### COLLECTED MATERIAL ###

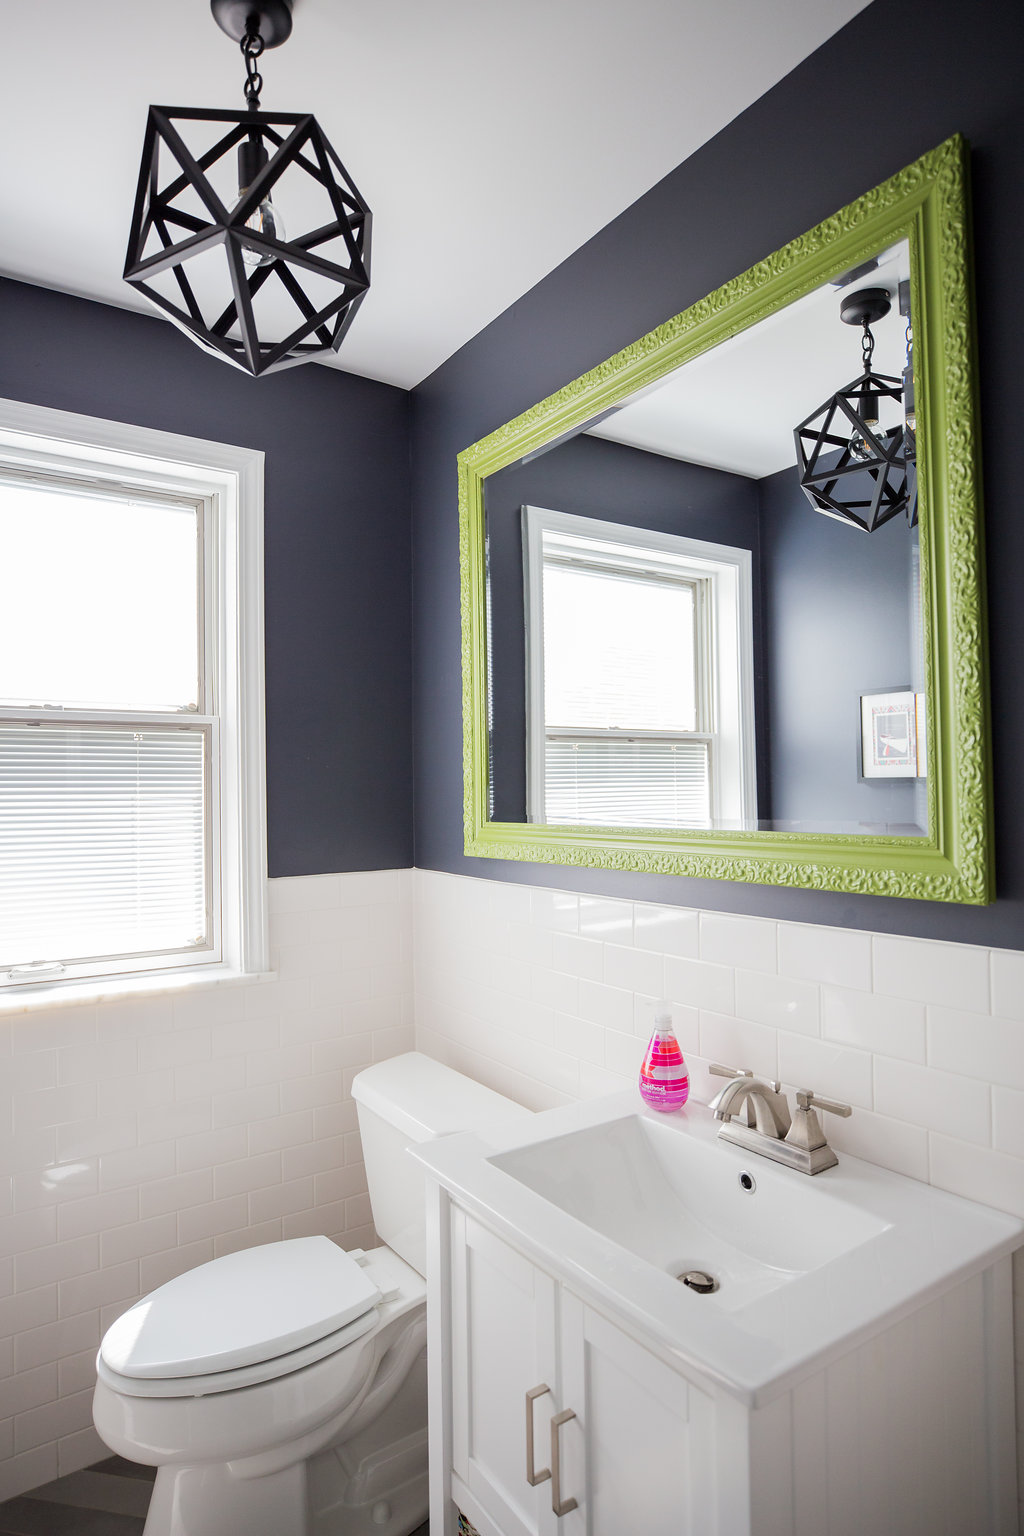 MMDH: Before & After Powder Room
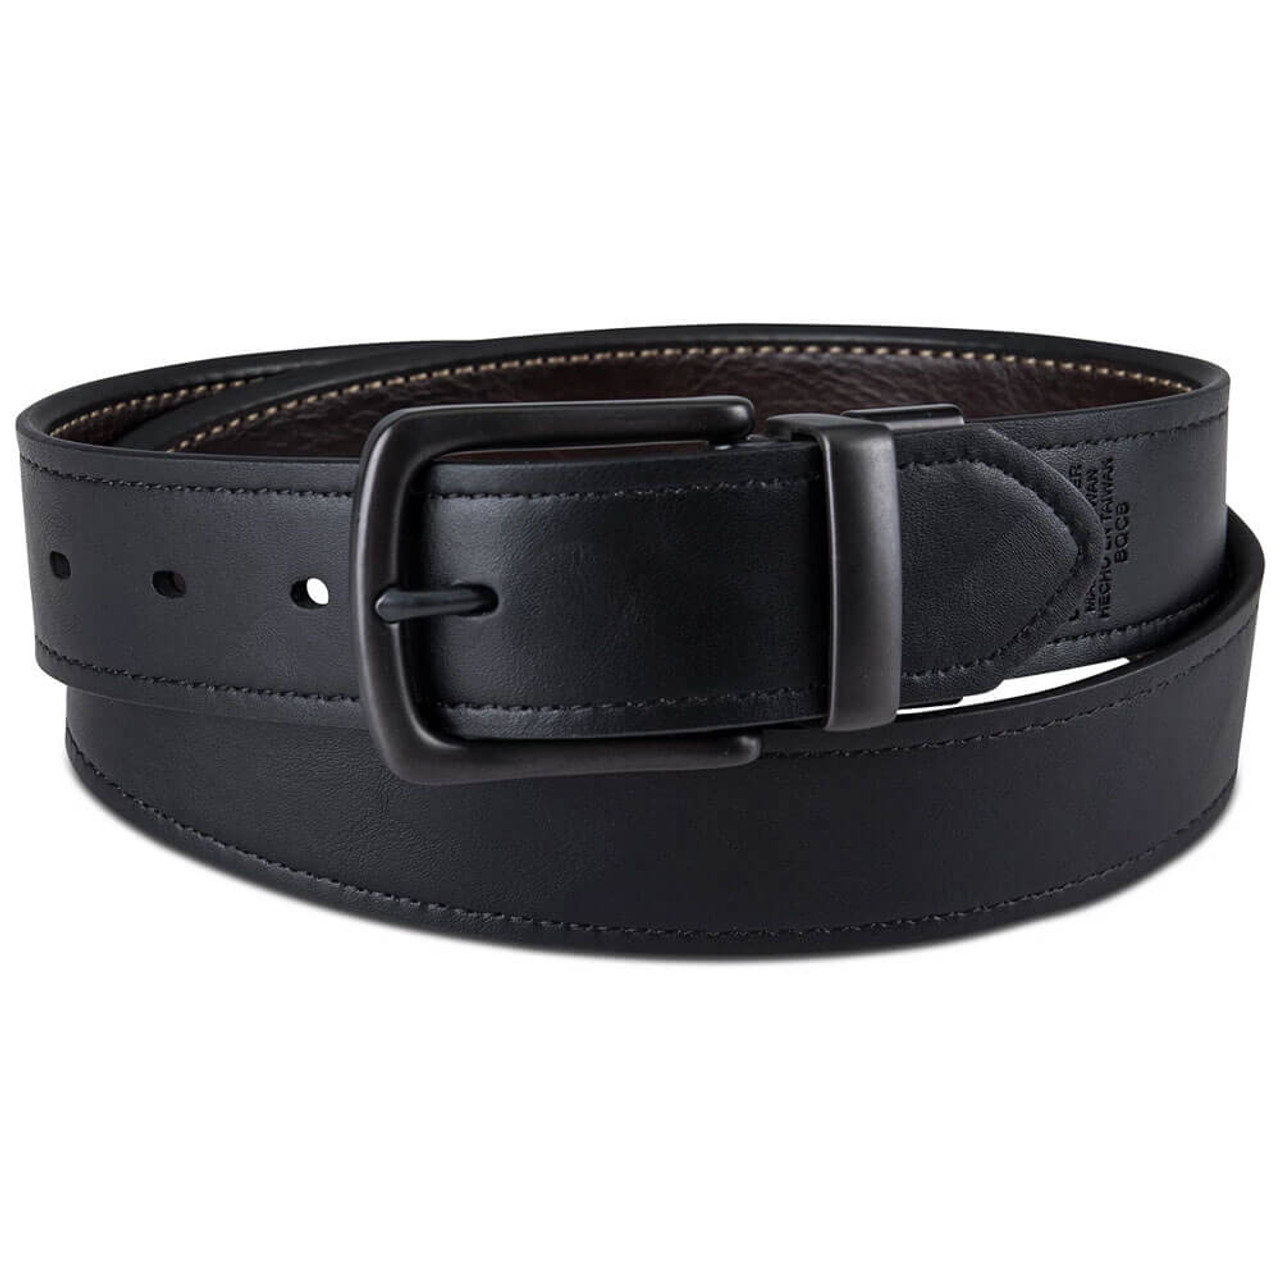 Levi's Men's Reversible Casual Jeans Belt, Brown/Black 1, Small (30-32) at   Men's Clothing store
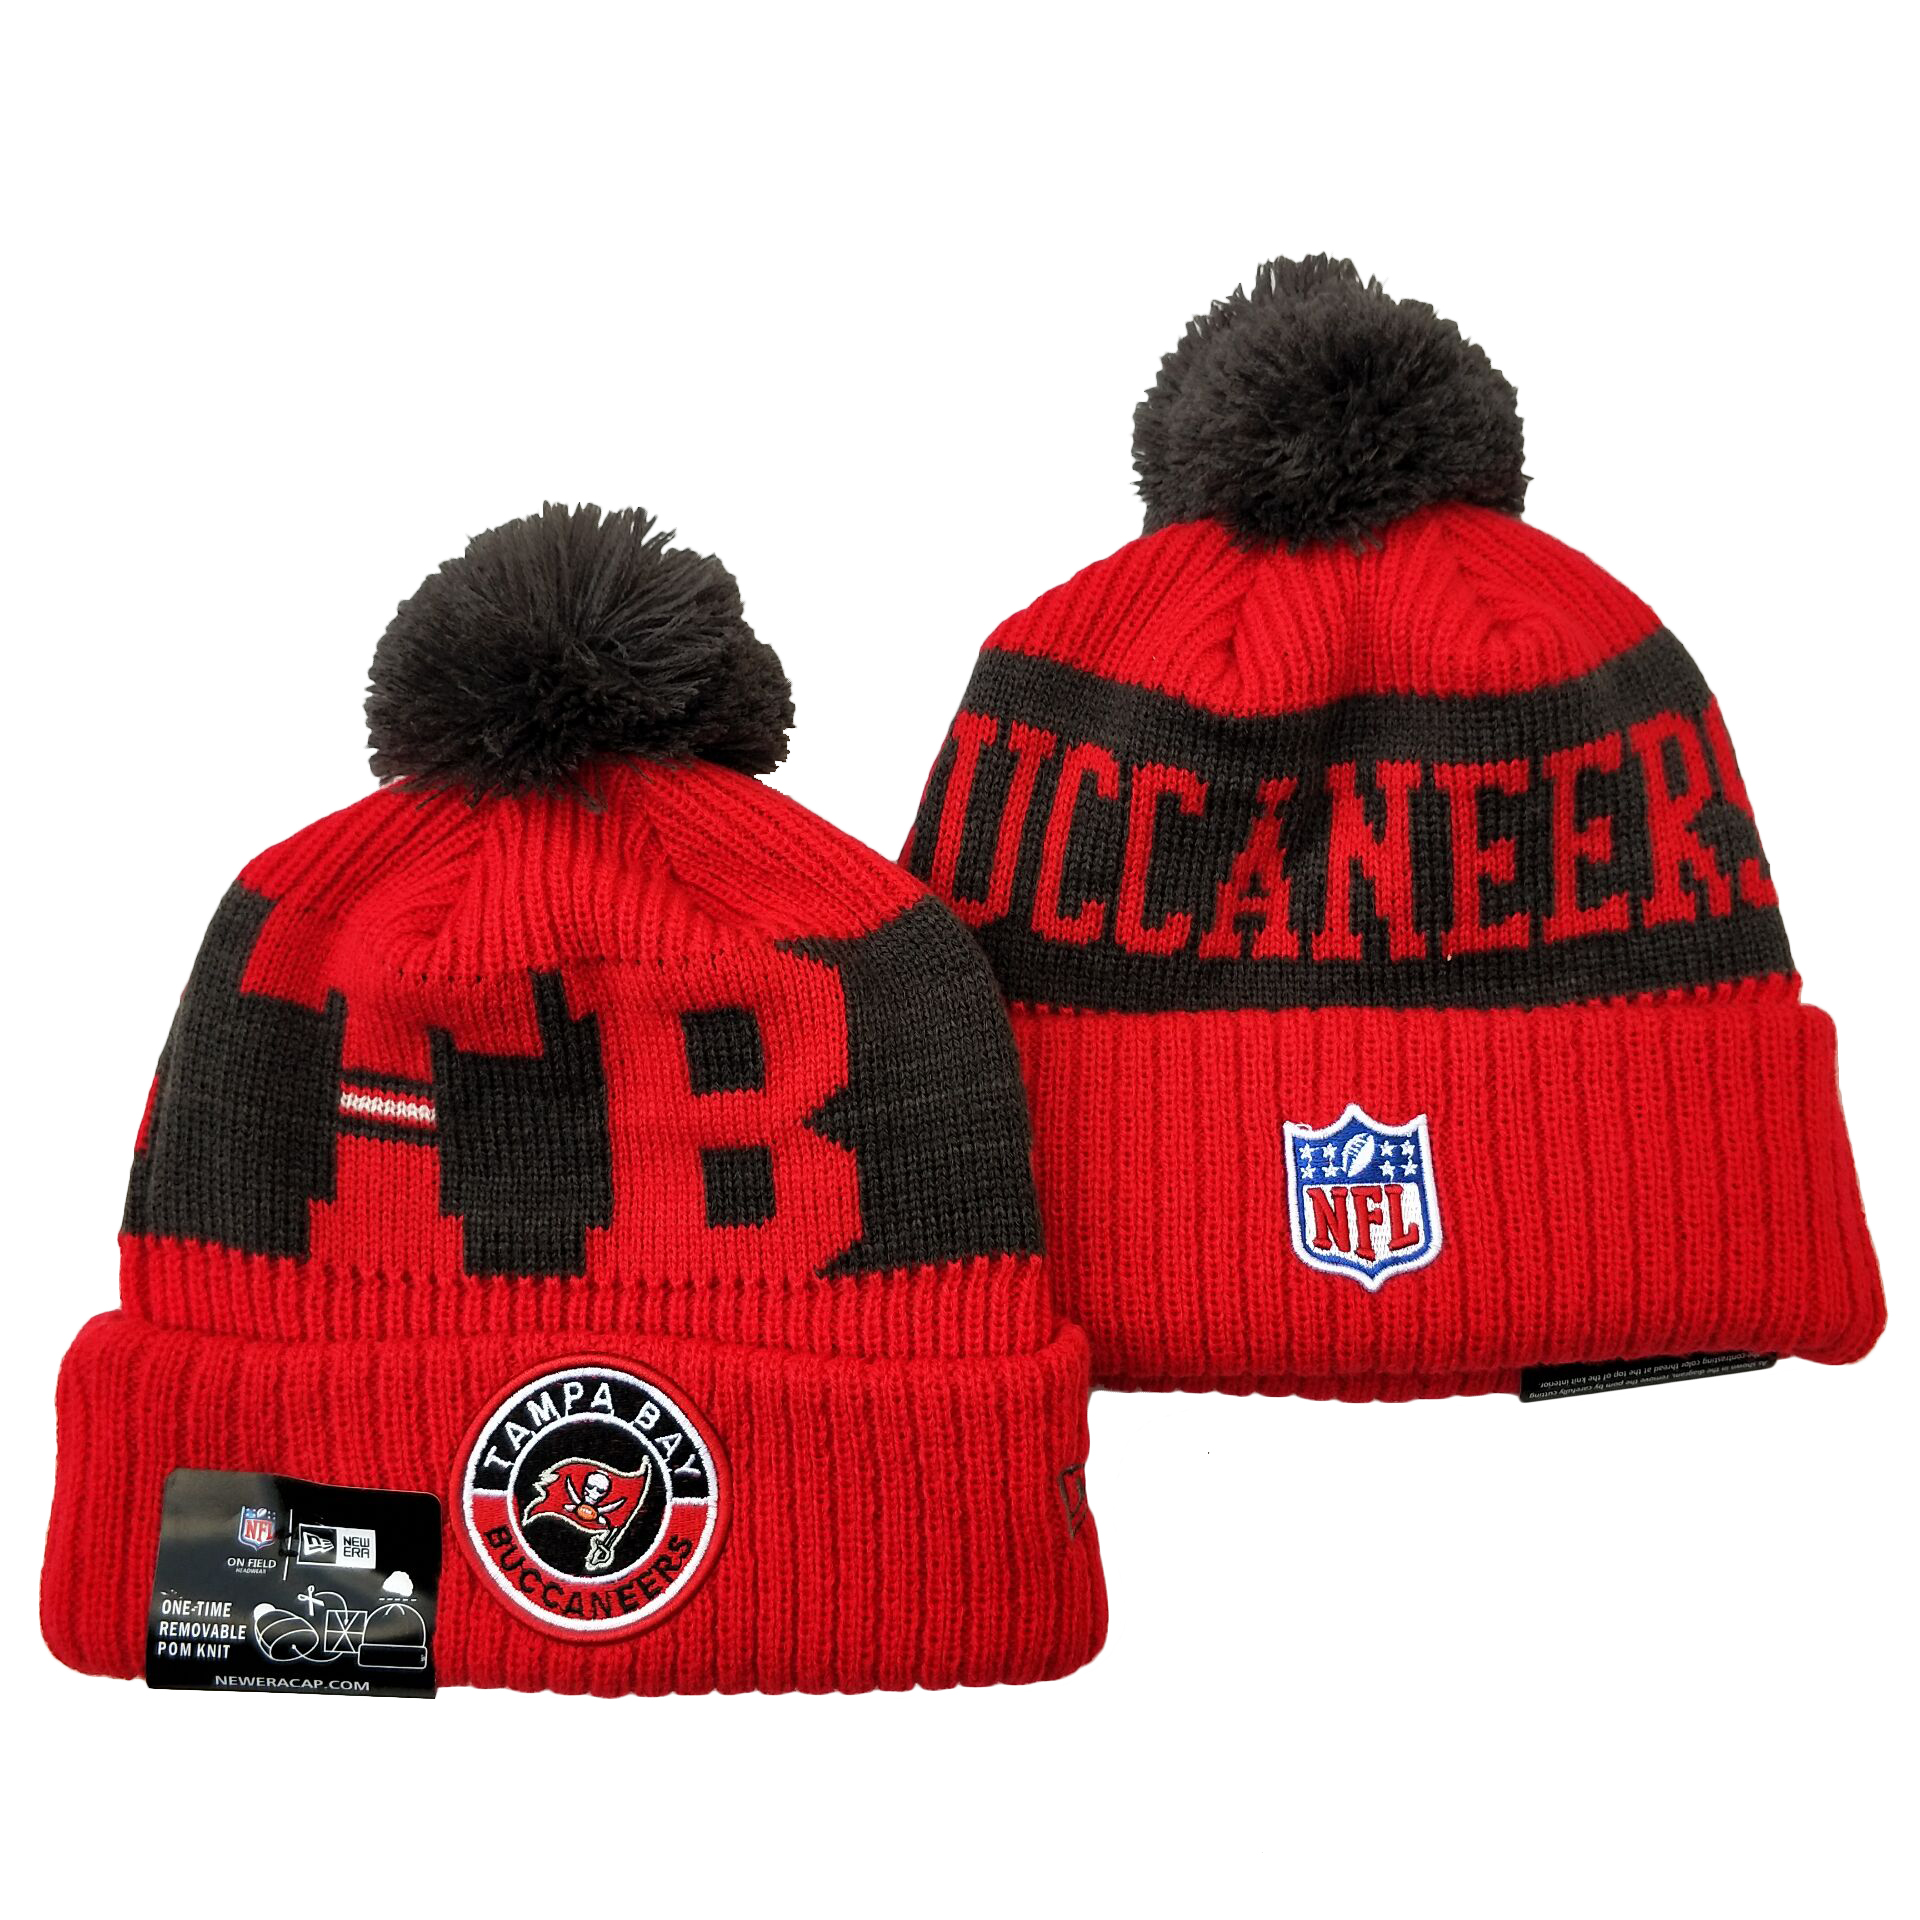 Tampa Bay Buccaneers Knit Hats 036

###

■ **EXERCISE**
Where a picture appears in the listing above, skip it and set down all the rest exactly.

■ **ANSWER FOR THIS EXERCISE**
 MMDH: Before & After Powder Room
 Levi's Men's Reversible Casual Jeans Belt, Brown/Black 1, Small (30-32) at   Men's Clothing store
 Tampa Bay Buccaneers Knit Hats 036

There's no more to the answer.